İsrailli istihbaratçı, ülkesinin “apartheid ilan edilmiş bir devlet haline geldiğini” söz ettiği yazısında, şunları kaydetti:

“ABD başta olmak üzere yıllar içinde Batılı ülkelerin değerli bir müttefiki haline gelen İsrail, bu halinin ülkenin sonunu getireceğini hükümete anlatmaya çalışan dostlarımızın ihtarlarını dikkate almıyor.

ABD Lideri, Demokrat ya da Cumhuriyetçi olsun, tıpkı sonuca varacak.
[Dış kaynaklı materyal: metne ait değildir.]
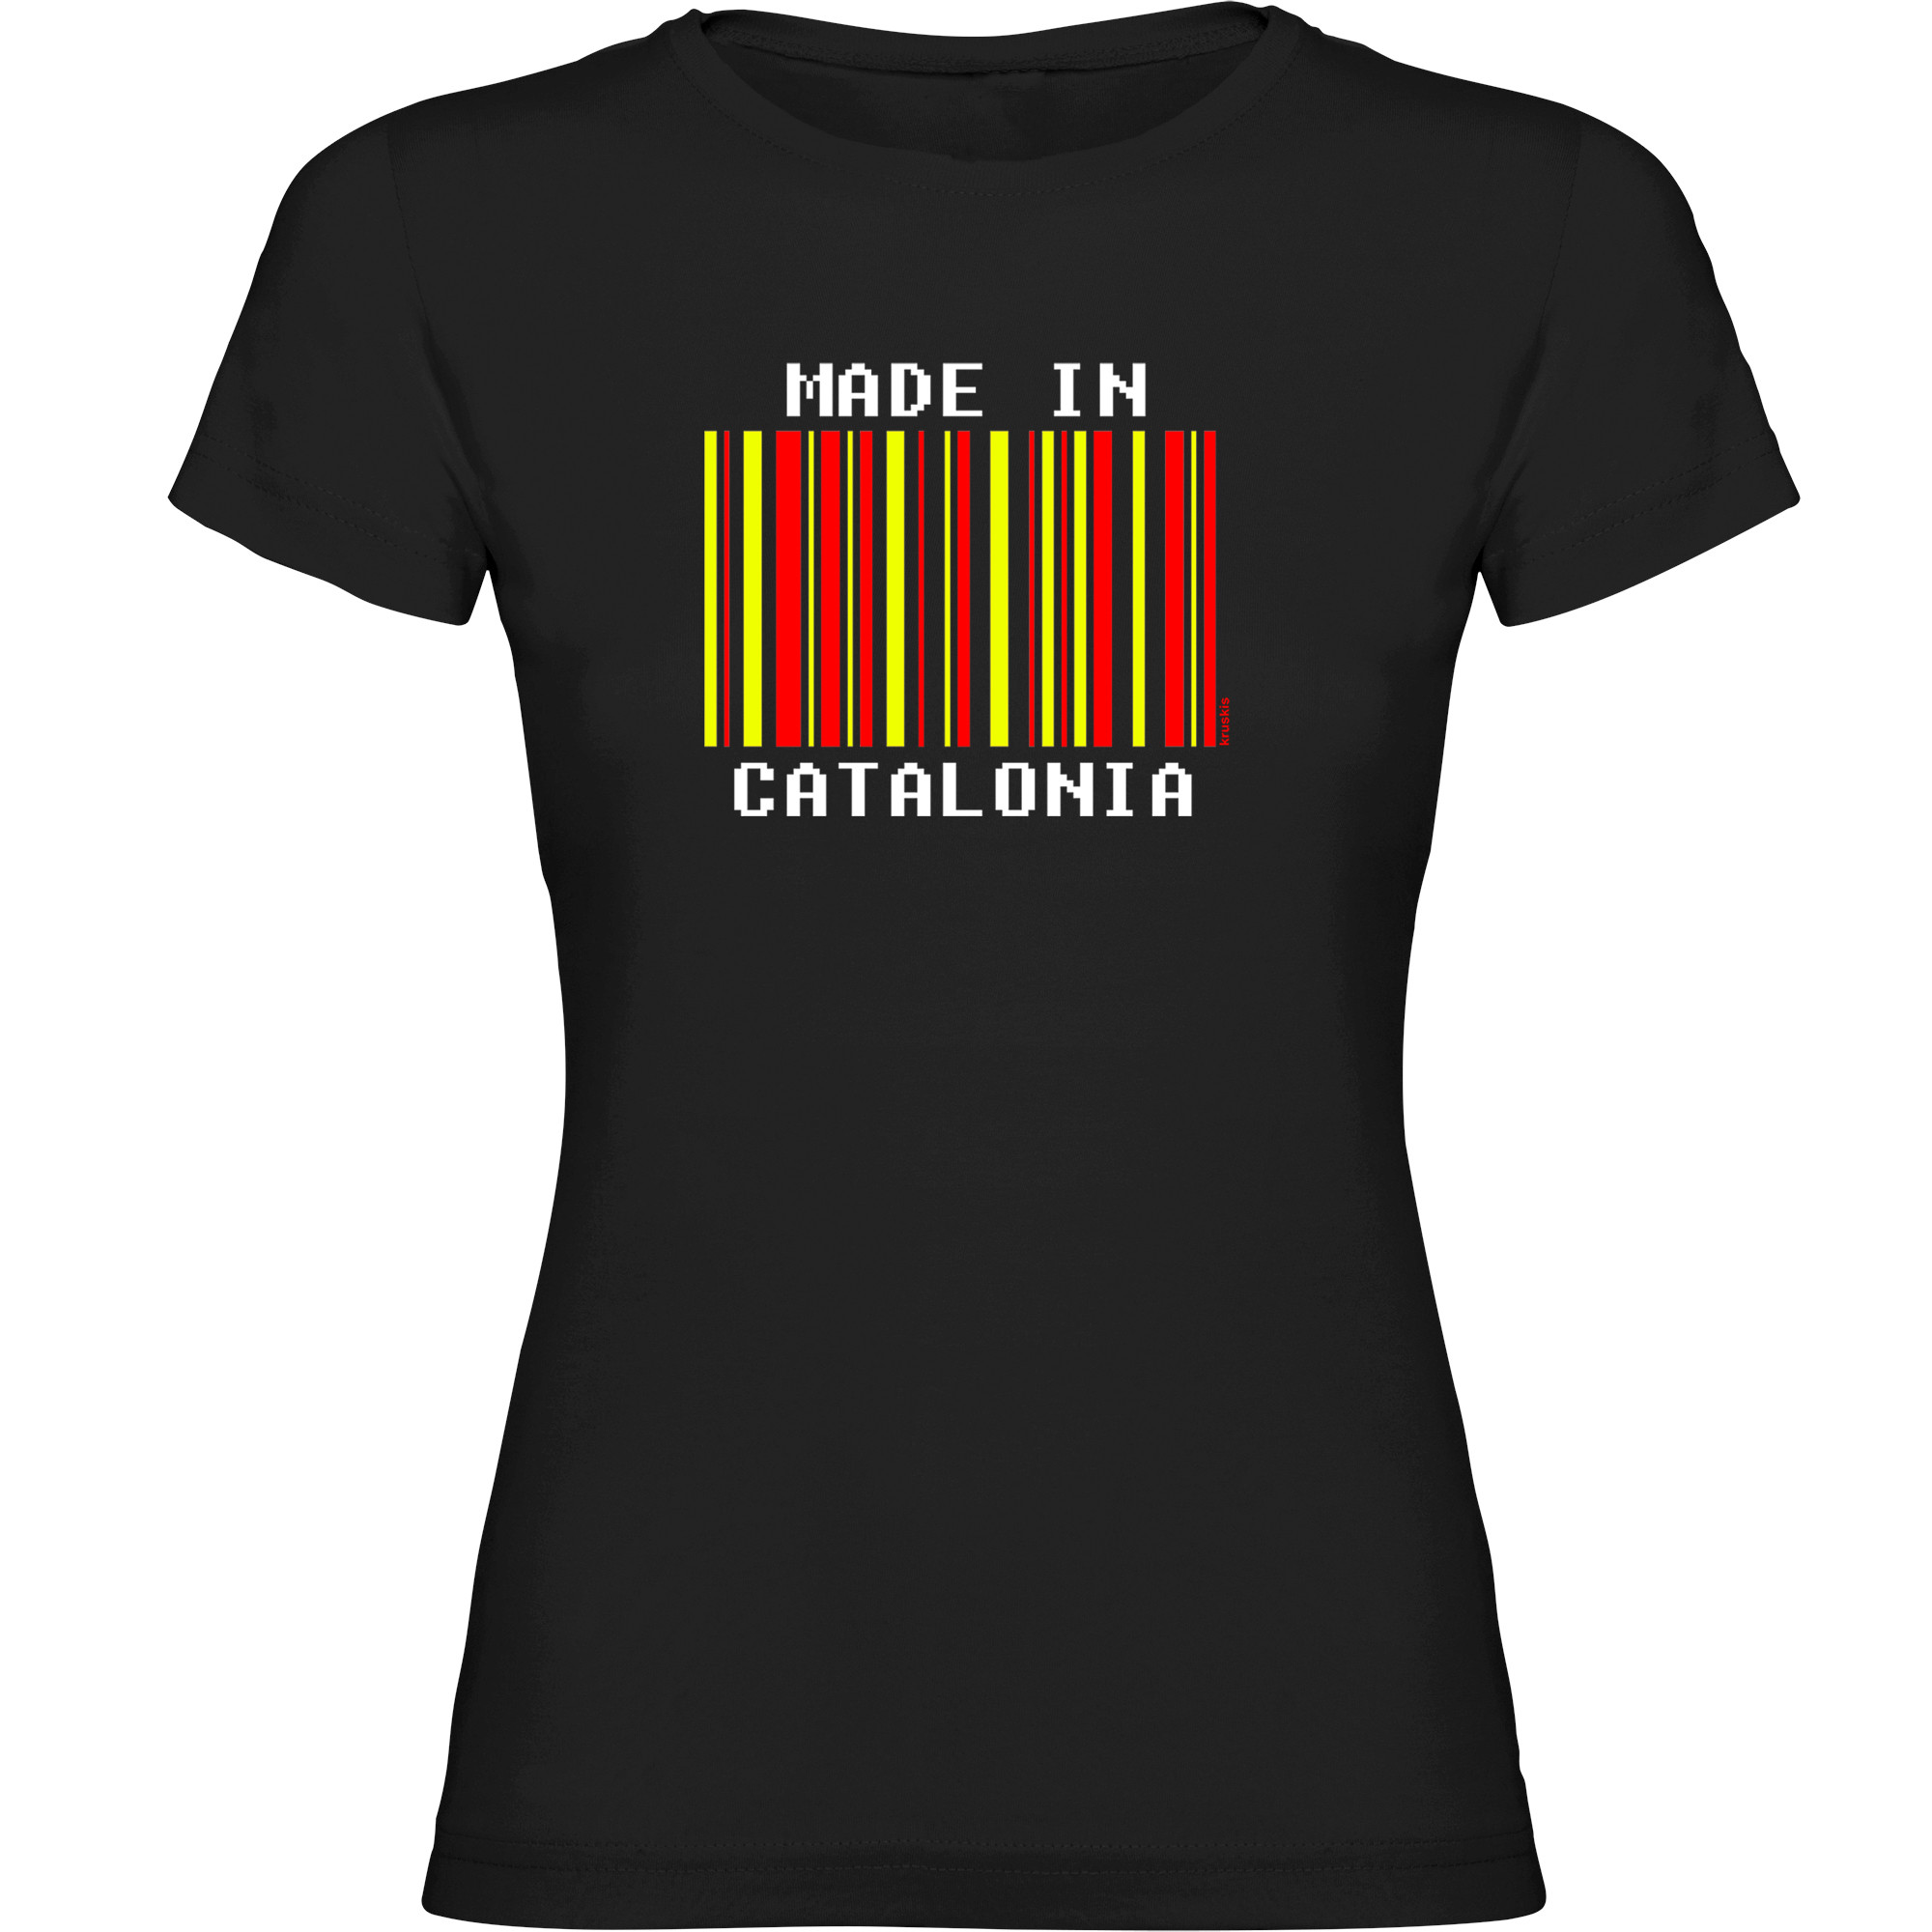 T Shirt Catalogna Made in Catalonia Manica Corta Donna

Washington’un dünyada en fazla desteklediği ülke (İsrail), demokrasiden saptı ve apartheid ilan edilmiş bir devlet haline geldi.”

Tarihi Filistin topraklarını söz eden

“Ürdün ırmağı ile Akdeniz ortasında, yarısı Yahudi ve öbür yarısı Yahudi olmayan 15 milyon kişinin yaşadığını”
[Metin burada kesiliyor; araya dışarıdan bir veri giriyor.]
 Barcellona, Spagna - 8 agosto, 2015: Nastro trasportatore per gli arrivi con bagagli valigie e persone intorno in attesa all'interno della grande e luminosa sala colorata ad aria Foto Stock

hatırlatan Pardo, şöyle devam etti:

“Hükümetteki ırkçılar, Allah’ın yardımıyla Musevilerin, deniz (Akdeniz) ile Ürdün (nehri) ortasındaki Yahudi olmayanları boyunduruk altına alacağını umarak bizi Siyonist hayalin sonuna yaklaştırıyor.

Faşist ırkçılar, sonunda Tanrı’nın yardımıyla Yahudi olanların başkalarına boyun eğdirip, kaçmalarına, ölmelerine yahut hakları bulunmayan yaşamaya razı olmalarına neden olacak bir Yecüc ve Mecüc savaşına varmayı amaçlıyorlar.”

Pardo,

“ekonomik, toplumsal, teknolojik ve güvenlik mucizesi” olarak tanımladığı “Yahudi devletinin, kendi yıkımını kendi elleriyle gerçekleştirmeye karar verdiğini” savunarak, “İsrail’i saran çılgınlığı şaşkınlıkla izlemeyen tek bir Müslüman önder yoktur.”

sözlerine yer verdi.
İsrailli eski yönetici, ülkede hükümetin yargı düzenlemesine karşı 31 haftadır süren kitlesel şovların,

“Siyonist hayalin sona ermesini engellemek için savaş verdiğini”

vurguladı.

Netanyahu hükümetinin tartışmalı yargı düzenlemesi

İsrail’de 2022 yılının son günlerinde vazifeye başlayan Netanyahu liderliğindeki koalisyon hükümeti, çok sağcı ve çok dindar partileri içinde barındırıyor.

Görevdeki koalisyon, İsrail siyasi tarihinin en çok sağcı hükümeti olarak bedellendiriliyor.

Netanyahu’nun hükümeti kurduğu süreçte koalisyon mutabakatlarının en değerli kısmını, başta tartışmalı yargı düzenlemesi olmak üzere yasa dışı Yahudi yerleşim ünitelerinin genişletilmesi ve çok sağcı isimlere idarede kritik misyonlar verilmesi üzere hususlar oluşturuyordu.

İsrail Adalet Bakanı Yariv Levin’in 5 Ocak’ta duyurduğu ve Yüksek Mahkeme’nin hükümet üzerindeki kontrolünü sonlandırma ve iktidarın yargı atamalarında kelam sahibi olması üzere değişiklikler içeren yargı düzenlemesi, ülke çapında kitlesel protestolara ve grevlere neden oldu.